Diante disso, tempo para sua própria individualidade, espaço para lazer, qualidade de vida, saúde e bem-estar são pilares para uma mãe se sentir valorizada, assim como a distribuição justa de tarefas domésticas. “Outra questão importante é ouvir o que esta mãe tem a dizer, ou seja, é criar um ambiente de acolhimento e segurança para que esta mãe possa expressar seus sentimentos, emoções, e frustrações”, aponta a psicóloga. Maira acrescenta que a importância de pessoas que auxiliam ao redor aparece como um elemento fundante de uma rede de apoio, de modo a proporcionar um ambiente de troca de experiências e aprendizados.

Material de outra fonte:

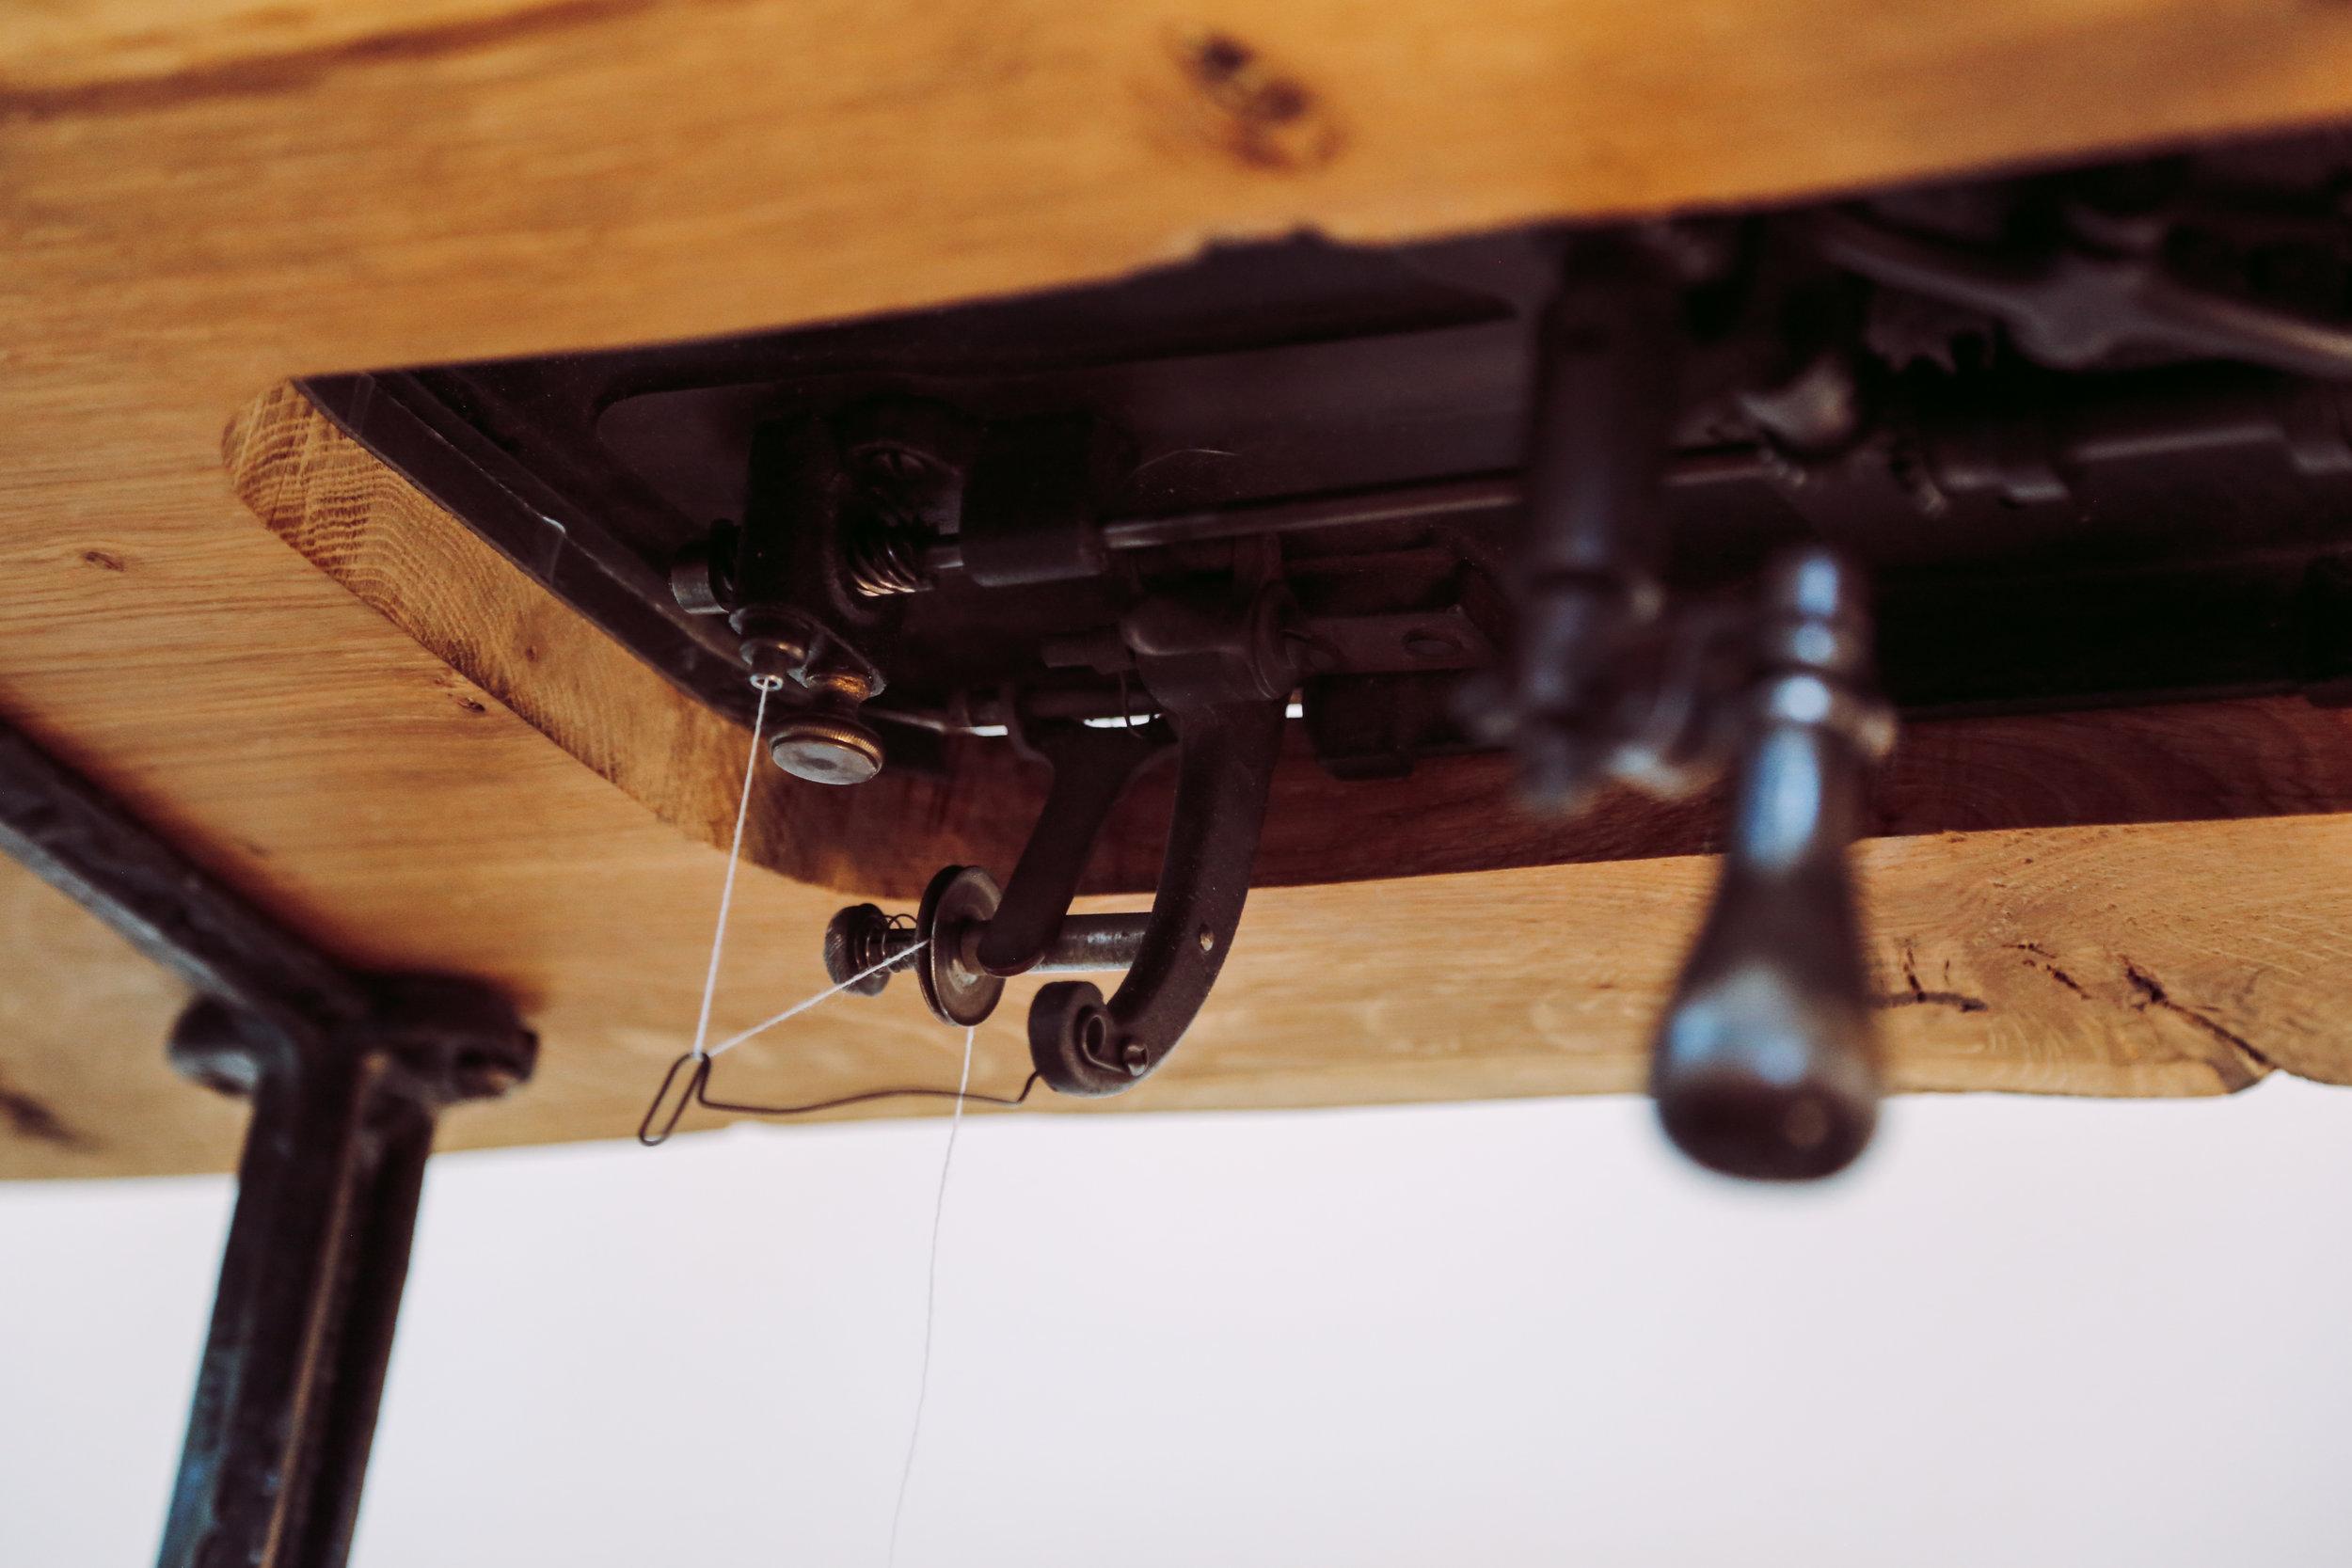 Chainstitch Machine Thread Tension Unit Threading Saint Chains Artisan Embroidery.jpg

Maternidade como afeto e trabalho

Ohanna, Manu e Patrícia fazem parte da parcela de mães que possuem uma rede de apoio. Entretanto, essa não é uma realidade de todas as mulheres no que concerne à maternidade. Célia Arribas, doutora em Sociologia e coordenadora do grupo de estudos e pesquisa Geni – Gênero e Interdisciplinaridade – da Universidade Federal de Juiz de Fora, destaca que o termo “rede de apoio” tem que envolver também políticas públicas.

Outra dimensão apresentada pela professora trata-se de um recorte de renda. Esse fator interfere diretamente nos múltiplos papéis que as mulheres desempenham na sociedade e a sobrecarga embutida a elas.

Quando se trata de mães atípicas, mais esforço é empenhado. A demanda por organizar as tarefas do dia e as consultas dos filhos afeta o psicológico dessa mãe e impacta o cotidiano, segundo Célia Arribas. “De modo geral, a maternidade significa afeto, mas também muito trabalho. Além de obviamente ser uma identidade, não podemos valorizar e nem idealizar a maternidade”, explica a doutora.

Diante dessas vivências, as mães ainda carregam um peso externo, oriundo das cobranças sociais do que é ser mãe e ao que a sociedade limita como aceitável ou não dentro desse papel. “É preciso rever a forma de maternidade”, esclarece. Célia Arribas também traz ao debate algo que, muitas vezes, é deixado em segundo plano: Mães também precisam de cuidado, descanso e acolhimento.